Поздно ночью Миршаб позвонил Рустамову и предупредил, что на днях прокурор Камалов выписывается из больницы и его жизнь следует взять под жесткий контроль. Требовал поискать возможность перехода в новый отдел по борьбе с организованной преступностью, в основном укомплектованный бывшими работниками КГБ. Но в этом отделе недавно появился новый сотрудник, Татьяна Шилова, проходившая в прокуратуре практику, которую он однажды пригласил в знаменитый ресторан «Лидо», где у него была назначена встреча с Сенатором. Газанфар надеялся, что это знакомство позволит ему чаще заглядывать в отдел, интересующий Миршаба. «Штирлиц» чувствовал, что предстоят горячие дни, но отступать ему было некуда – он давно загнал себя в тупик.
Строительство мечети на Красной площади Аксая, напротив величественного памятника Ленину, шло полным ходом, от зари до зари, без выходных и праздничных дней. Хотя наемных рабочих, подрядившихся сдать мечеть, что называется, под ключ, хватало, стар и млад мужской половины Аксая и близлежащих кишлаков в свободное время приходили на строительство, а ведь никто воскресников и авралов не объявлял.
Возможно, за всю перестройку люди увидели одно реальное дело и спешили приложить к нему руки. Могли быть и другие резоны: поговаривали, что возвращение хана Акмаля из подвалов КГБ в белокаменной не за горами, некогда могучая страна разваливалась на глазах. А кое-кто, вспоминая эйфорию первых лет перестройки, теперь клял себя за несдержанность, длинный язык, и на стройке, под неусыпным оком Сабира-бобо, вроде как искупал грех, думал, забудется, что некогда, наслушавшись сладкоголосого Горбачева, усомнился во власти хана Акмаля, посчитал ее несправедливой. Иные ходили по другой причине – дважды в день тут от пуза кормили. Каждое утро резали прямо у бетономешалок двух баранов, чья кровь шла в замес, а мяса хватало и на плов, и на шурпу, и на шашлыки, и на каурму, и на самсу. Выгода казалась двойной, вроде и святому делу помогал, и сыт был за счет аллаха, а прокормиться здесь, как и повсюду, с каждым годом становилось все труднее.
Вроде никто не призывал жертвовать баранов на строительство мечети, а везли и везли их отовсюду, Сабиру-бобо даже пришлось в одном из близлежащих домов устроить загон, где, дожидаясь своей участи, стояли на откорме три десятка породистых каракучкаров.

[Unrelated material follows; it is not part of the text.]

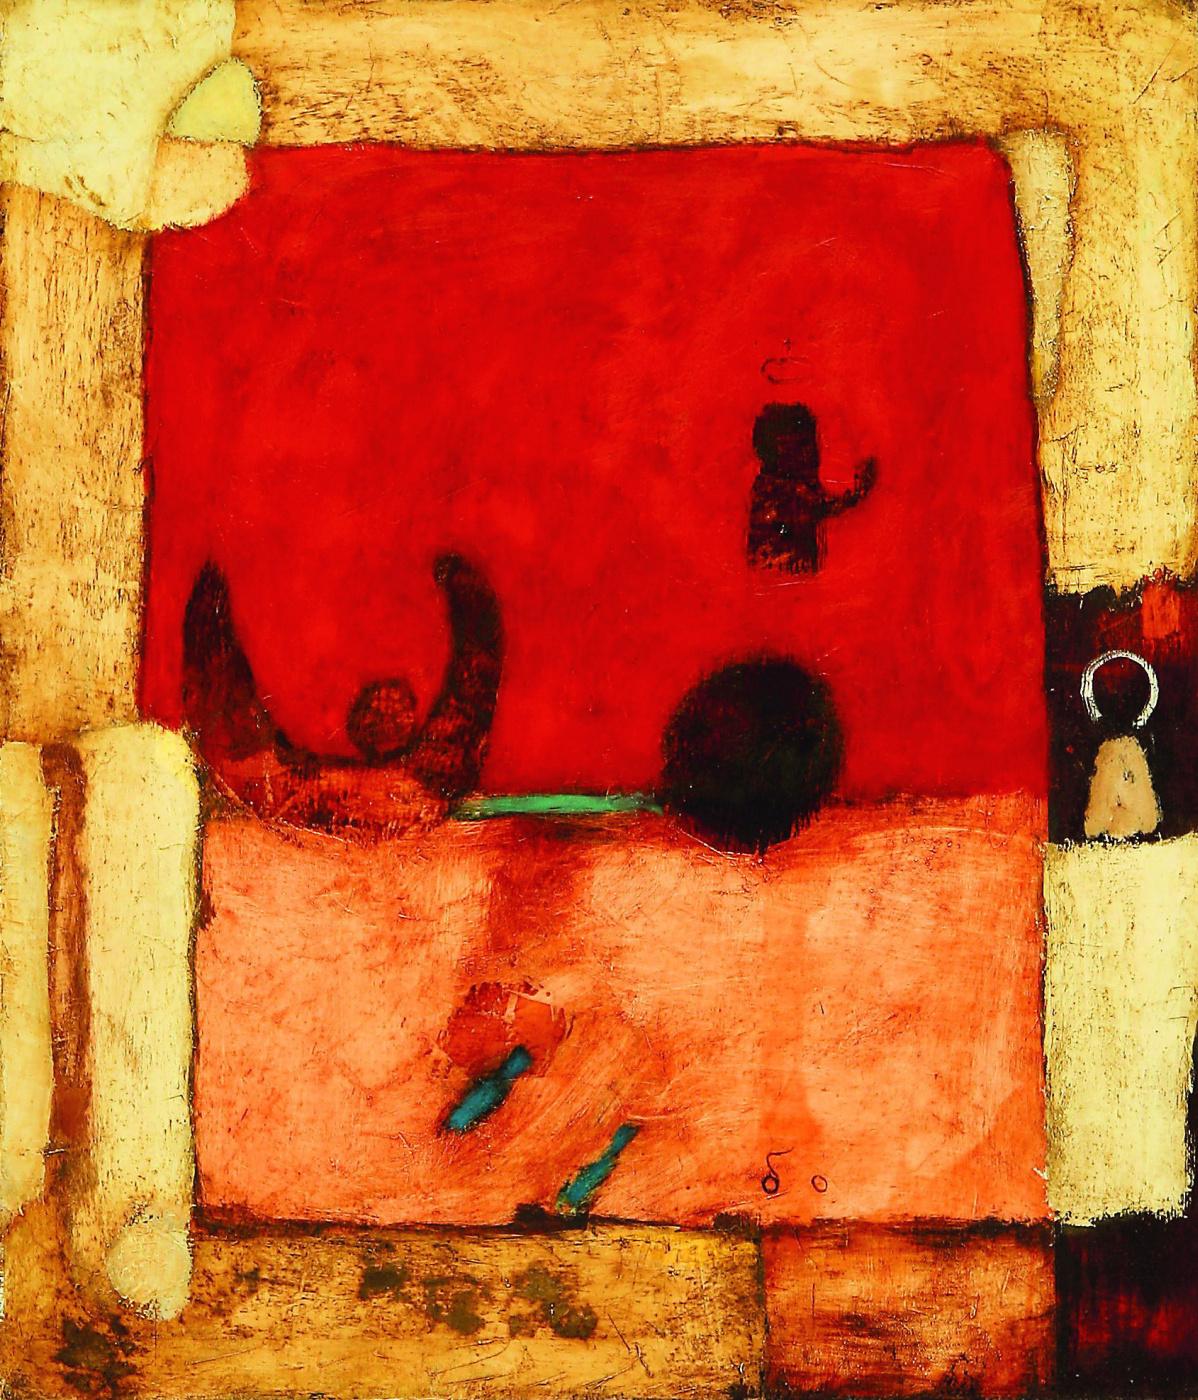 Бесконечное приближение. Выставка незаконченных картин Вадима Бо в Петербурге развеет предубеждения

И всяк дарящий норовил появиться на стройке с баранами именно в то время, когда там находился Сабир-бобо, видимо, у них тоже были свои резоны на будущее. Пошли регулярно дары и из города, областные чины, видимо, чувствовали скорый возврат хана Акмаля. Глядишь – то машина с мукой, то машина с рисом, овощами прибудет, а прокормить две-три сотни людей в день дело непростое. Когда стали крыть куполообразные своды мечети сверкающей оцинкованной жестью из Нагасаки и островерхий шпиль главного, праздничного минарета поднялся в жаркое небо, гораздо выше величественного монумента Ленина, начали поступать подарки и для обустройства просторного молельного дома. Тут уж с щедростью бывшей и нынешней номенклатуры простой народ вряд ли мог тягаться. Прежний директор областного торга лично сам, тайком, завез на дом Сабиру-бобо десять огромных хрустальных люстр югославского производства, судя по коробкам, перепрятывавшихся много раз от конфискации. Видимо, хозяин благодарил аллаха за то, что уцелел в первые годы перестройки, когда казнокрадов, несмотря на чины и звания, десятками отправляли в тюрьму.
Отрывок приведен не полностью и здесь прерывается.